Sixth, the terms “response” or “reaction” implies a degree of causality that can only be imputed from the temporal relationships. For example, it was impossible to know whether the rise in scheduled admissions was a response to or a cause of the corresponding midnight occupancy level. It is also possible that hospitals did not actively try to manage or respond to high occupancy. While out of scope from this study, surveying hospitals about what census-management strategies they attempt and which are successful would also be informative.
Finally, only free-standing children's hospitals were included in this study.
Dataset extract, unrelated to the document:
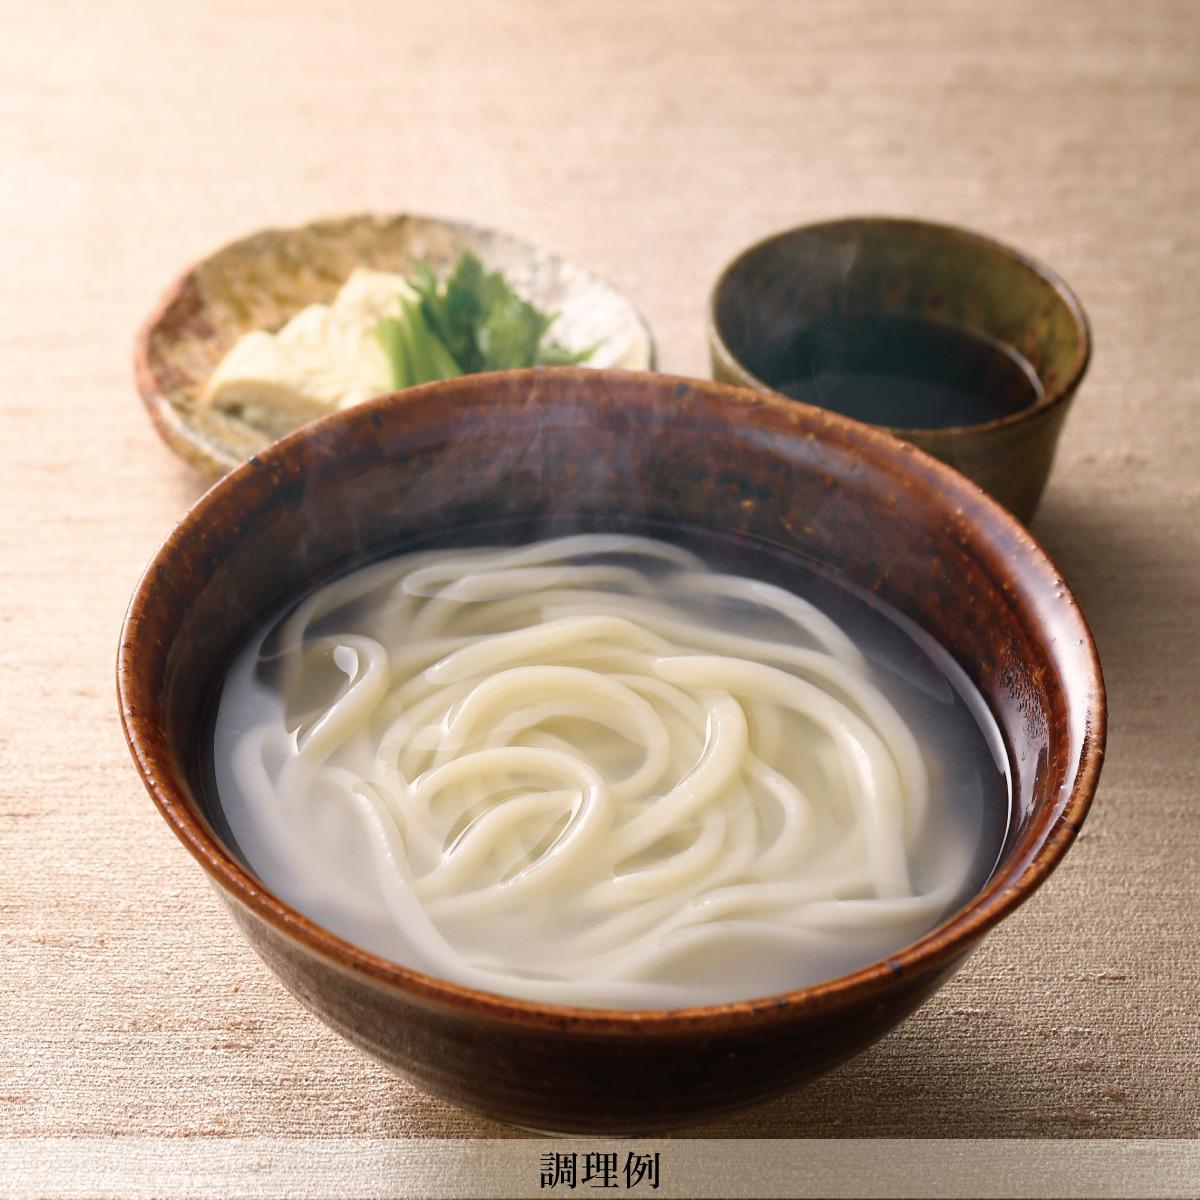 半生讃岐うどん(つゆ付)(1袋)

It is uncertain whether children's hospitals located within tertiary care medical centers and non-children's hospitals that care for children would respond differently.
In summary, we found that among 39 children's hospitals, meaningful responses to high occupancy were rare, in that they would not substantially reduce inpatient crowding. Given that studies in adult hospitals have found increases in sentinel events and medical errors associated with crowding, our findings raise concerns about adverse effects on patient safety and quality of care in the pediatric inpatient population. Hospitals and clinicians need to better understand the exact thresholds for defining high occupancy and its effects on patient outcomes, quality of care, safety, staff stress and satisfaction, education and training, as well as short- and long-term referral patterns and finance. Beyond occupancy, dynamic measures like throughput or throughput-to-staff ratios may be more important to safety and quality and a better standard for hospitals to use for activating responses. There may be good clinical and business cases for targeting high occupancy or throughput – or their ratio to staff and other resources – as a “never event” like other patient safety goals, which necessitates further research on the processes and outcomes involving patient flow at children's hospitals.